The 23-year-old winger has played his last match for Hull after signing a five-year contract with Leeds and admits returning to his home for the last five years promises to be an emotional occasion.
"It will be special going back there," Briscoe said. "It will be the last time that I'll be going into the home changing room."
Briscoe, who scored the first try of the match in England's 28-6 win over New Zealand at the KC Stadium in the 2011 Four Nations Series, was a surprise selection for last week's match against Ireland after losing out to Wigan's Josh Charnley for the opening game against Australia.
But he seized his opportunity by scoring two tries in a 42-0 victory and will be part of an unchanged back division as England look to secure the runners-up spot in the group.
"I was a bit surprised to get the call," Briscoe said. "Obviously me and Josh are fighting it out for the right-wing spot. He played the week before and I thought he might have gone with the same team.
"But thankfully I got an opportunity and I think I did alright. I felt what I had to do I did well.
"Getting the two tries early in the game settled me down."
Coach Steve McNamara has made three changes, with South Sydney forward Sam Burgess returning as expected from a one-match suspension, while Wigan prop Lee Mossop is recalled and there is a first appearance of the tournament for his club-mate, hooker Michael McIlorum.
They take the places of Burgess' younger brother Tom, St Helens hooker James Roby and Melbourne Storm stand-off Gareth Widdop, whose absence will pave the way for Leeds hooker or half-back Rob Burrow to play his first match of the tournament.
The 25-year-old McIlorum won his third cap against France in the final of the 2012 autumn international series which Roby opted to sit out.
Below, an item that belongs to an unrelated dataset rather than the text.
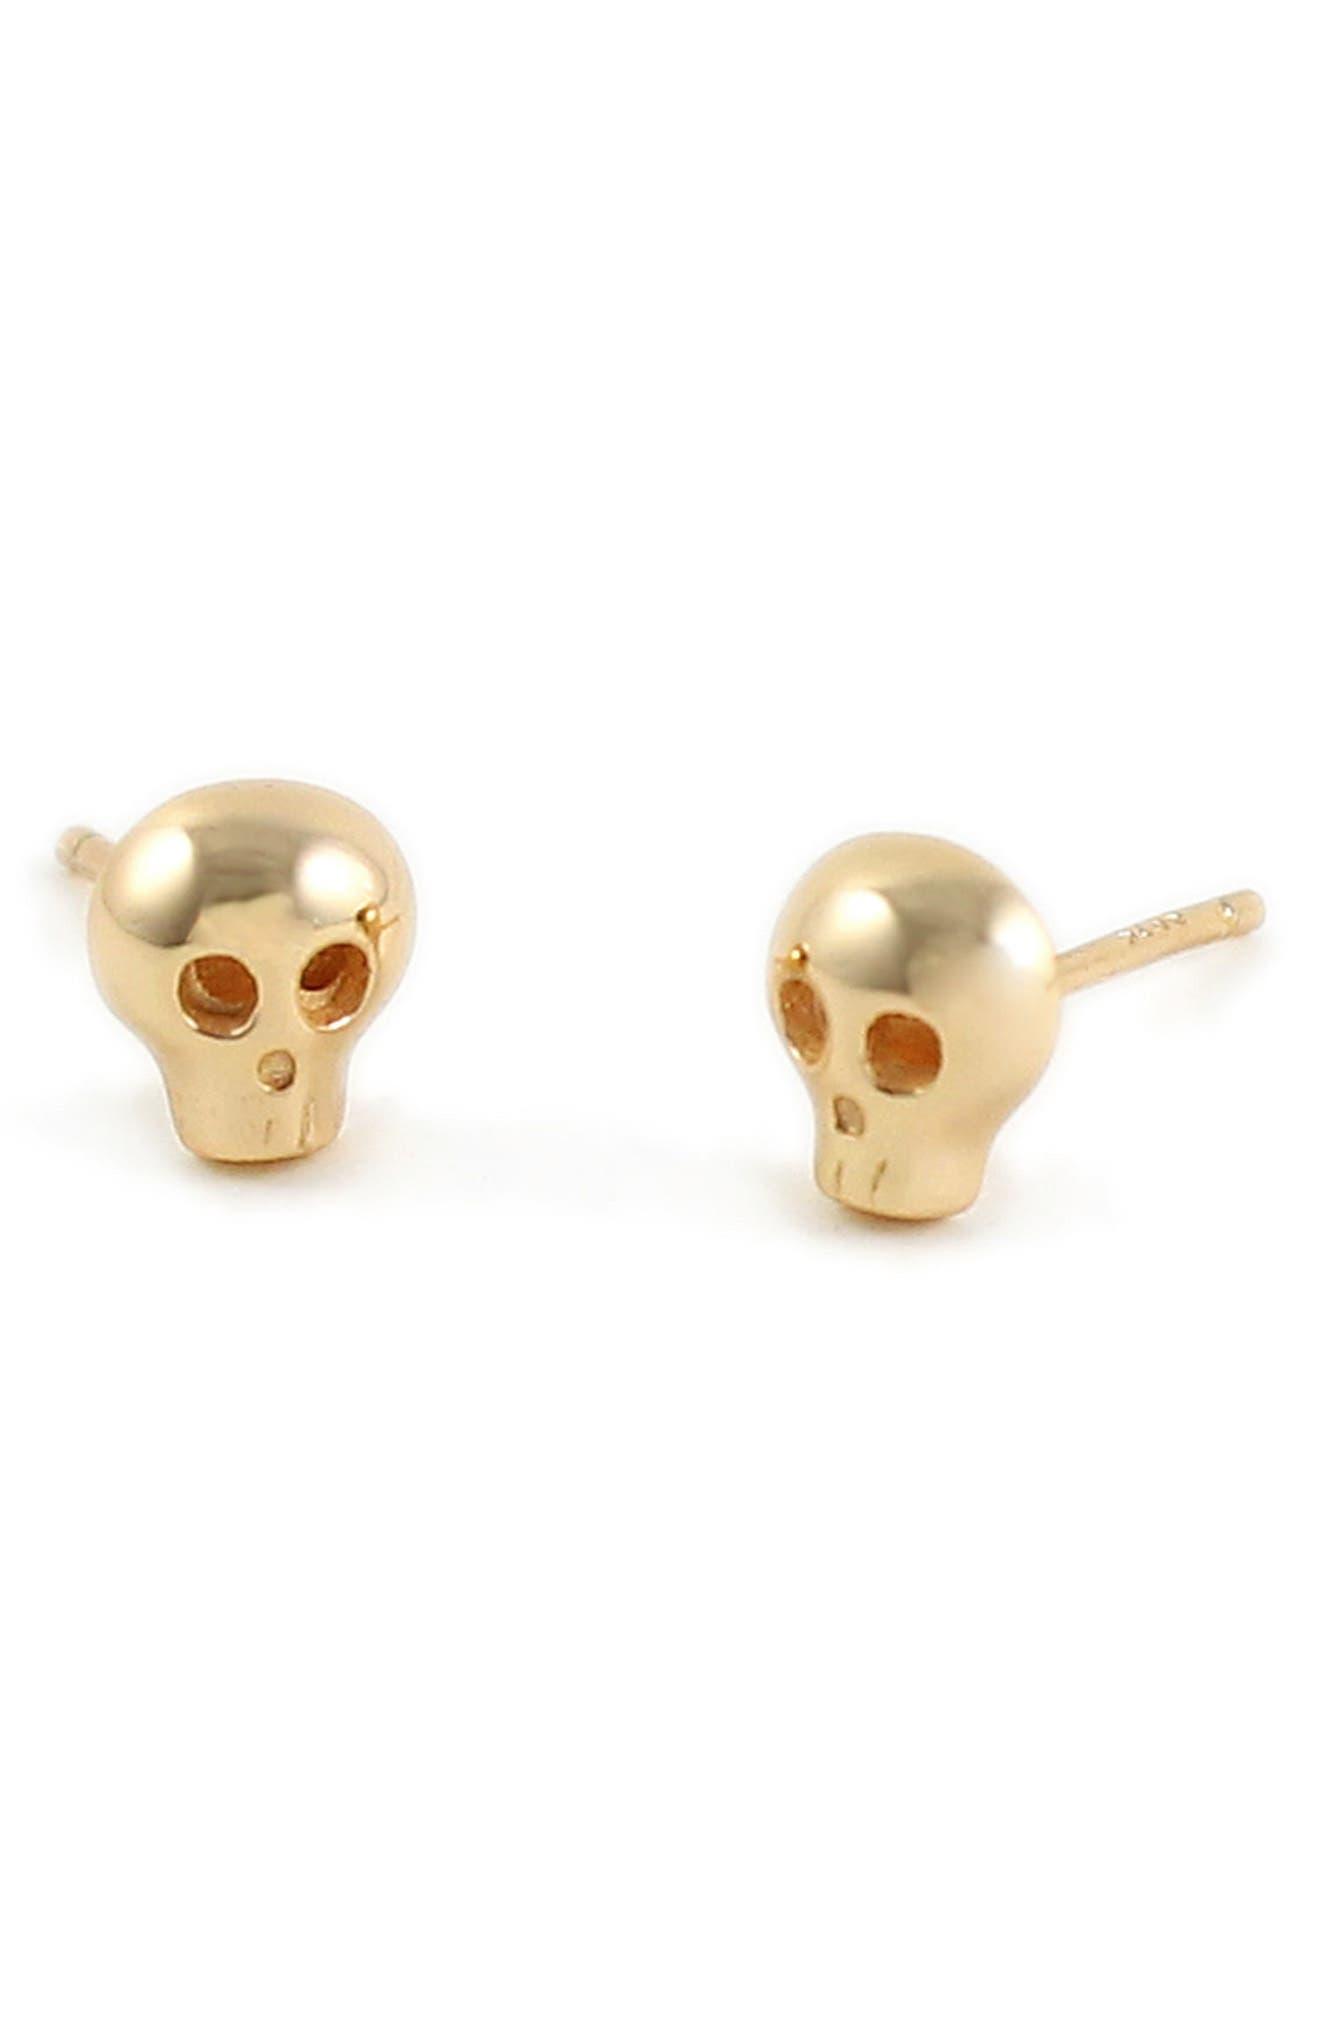 Alternate Image 1 Selected - Kris Nations Skull Stud Earrings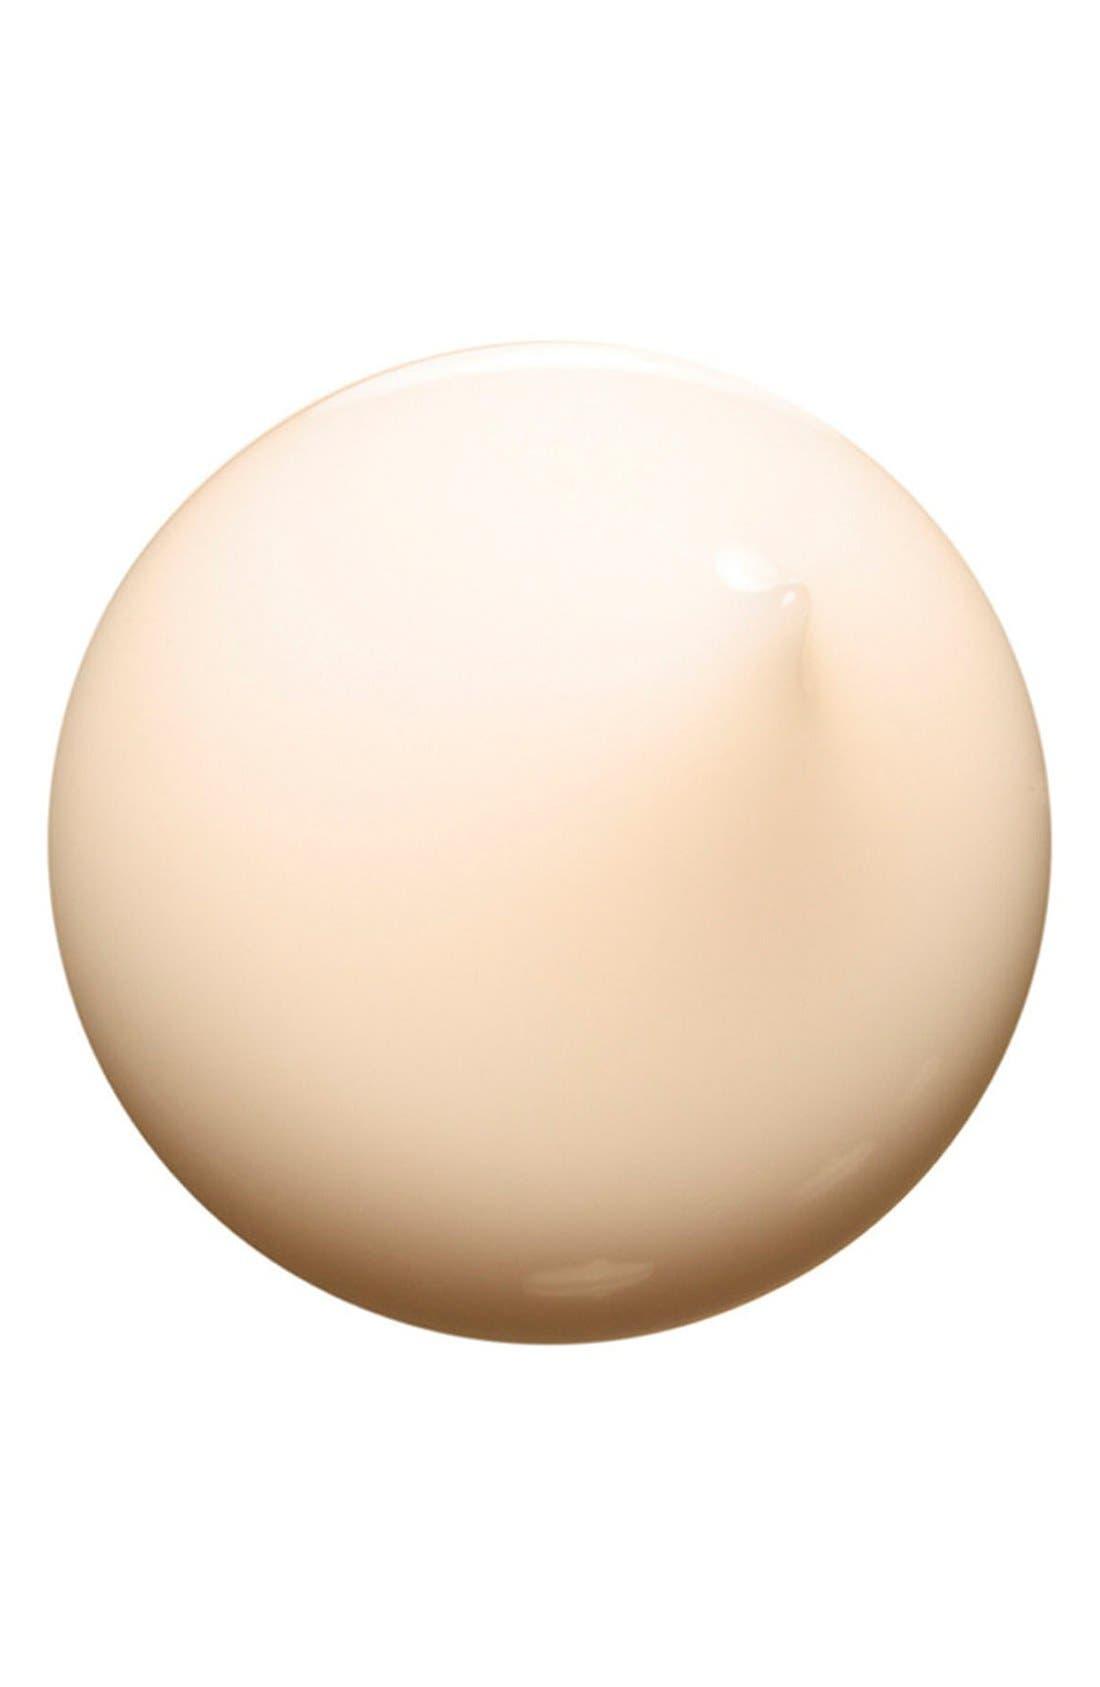 Super Restorative Redefining Body Care Cream for Abdomen and Waist,                             Alternate thumbnail 3, color,                             NO COLOR

"Mickey deserves his call-up," said England coach Steve McNamara.
"He has trained tremendously hard. He is an aggressive type of player, who will command the middle of the field."
McIlorum was thought to be among the group of players who broke the team's alcohol ban in the aftermath of England's shock defeat by Italy in a pre-tournament friendly.
It might have explained his non-selection, along with that of James Graham and Zak Hardaker, for the opening game but McNamara has steadfastly refused to discuss the off-field distractions and remains confident they will not have any adverse effect on preparations for their latest match.
"We have trained well and we are ready to put in a performance," McNamara said.
"I get the feeling the group is on the verge of some really big performances and this will be one of them."
After thumping Ireland and testing the Kangaroos, the Fijiians are expected to put up strong resistance on Saturday and McNamara says there is no possibility of under-estimating them.
"We are coming up against opposition we respect," he said. "We have so far seen a Fiji team that is very exciting to watch with some brilliant outside backs.
"They have a set of forwards that are as physical as any team in the tournament. I can see why people see them as a threat on Saturday.
"Across the make-up of their team, the vast majority of their players are regular starters in the NRL and they are used to this level of intensity.
"The aim for us is gradual progression. We are looking to improve each week as the tournament moves towards the knockout stages.
"It is important to win against teams in and around you, but at some point you have to make sure all elements that have been positive in every game come together aiming for that complete performance.
"We know that if we are going to win the World Cup that has to happen."